#468 gedfix.php v0.6 - fix common gedcom errors

open
Greg Roach
5
2008-11-06
2008-03-25
Greg Roach
No

gedfix.php detects a wide range of common gedcom errors, and allows you to fix most of them with a single click.

It identifies things like:

Broken links.

Invalid names.

Male/female inconsistencies based on given name.

Missing BIRT/DEAT records

Multiple occurrences of facts/events that should be unique.

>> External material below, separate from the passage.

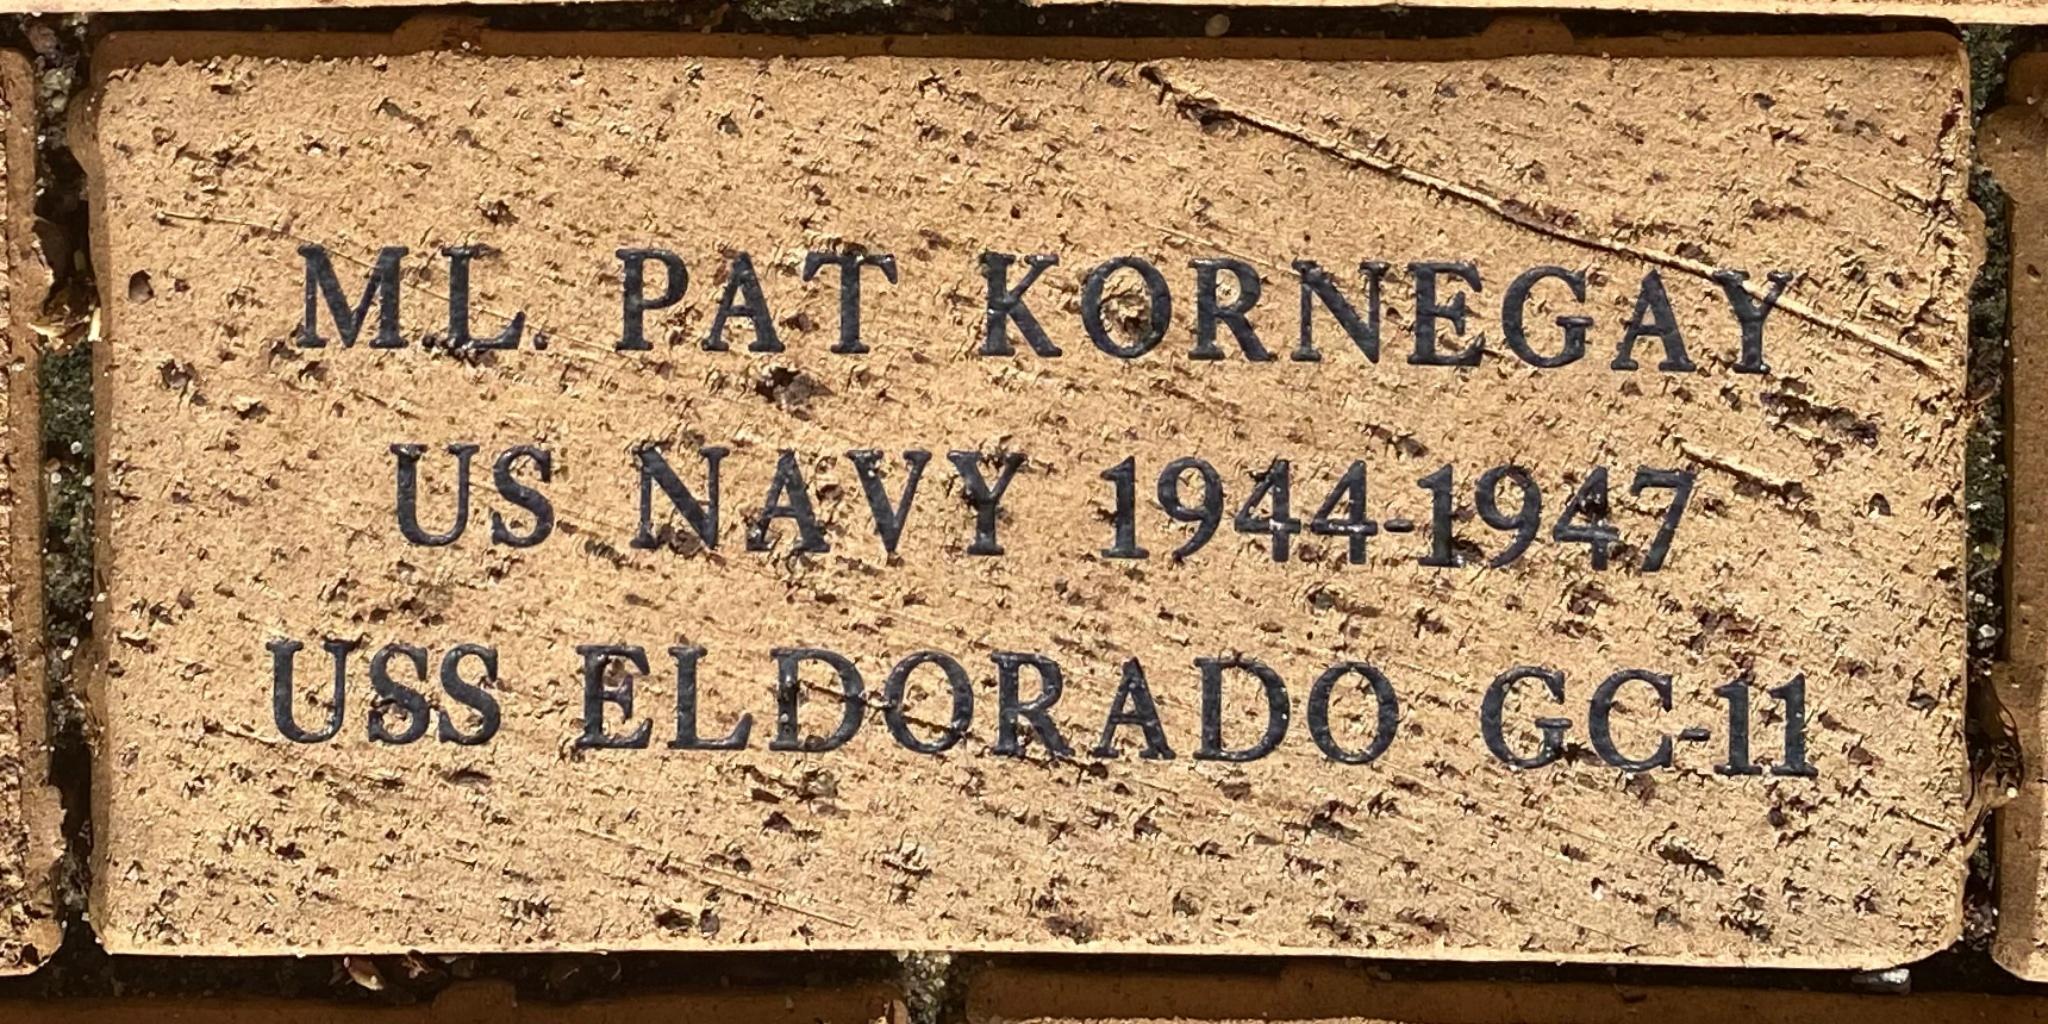 M.L. PAT KORNEGAY US NAVY 1944-1947 USS ELDORADO GC-11

Individuals/families with no links to other records.

Discussion

1 2 > >> (Page 1 of 2)
  • Greg Roach
    Greg Roach
    2008-03-25

    gedfix.php v0.1

     
    Attachments
  • Thomas52
    Thomas52
    2008-03-25

    Logged In: YES
    user_id=1447380
    Originator: NO

    Greg: I am using 4.1.3 and get a error messages. A number of errors are shown, but with no ID like:

    ERROR 8: Use of undefined constant PGV_USER_CAN_EDIT - assumed 'PGV_USER_CAN_EDIT'
    0 Error occurred on in function unknown
    1 called from line 26 of file gedfix.php

    ERROR 2: Cannot modify header information - headers already sent by (output started at /home/adkins92/public_html/tree/includes/functions.php:360)

    Warning: Cannot modify header information - headers already sent by (output started at /home/adkins92/public_html/tree/includes/functions.php:360) in /home/adkins92/public_html/tree/includes/functions_print.php on line 523

    ERROR 8: Use of undefined constant PGV_GED_ID - assumed 'PGV_GED_ID'
    0 Error occurred on in function unknown
    1 called from line 46 of file gedfix.php

    ERROR 8: Use of undefined constant PGV_GED_ID - assumed 'PGV_GED_ID'
    0 Error occurred on in function unknown
    1 called from line 48 of file gedfix.php

    ERROR 2: preg_match() expects parameter 2 to be string, array given
    0 Error occurred on in function preg_match
    1 called from line 54 of file gedfix.php

    Warning: preg_match() expects parameter 2 to be string, array given in /home/adkins92/public_html/tree/gedfix.php on line 54

    unknown (userinfo) has no birth or christening record. «1 BIRT Y» (Do this for all)

    unknown (userinfo) has no name record. «1 NAME //»

    unknown (userinfo) has no sex record. «1 SEX M» «1 SEX F» «1 SEX U»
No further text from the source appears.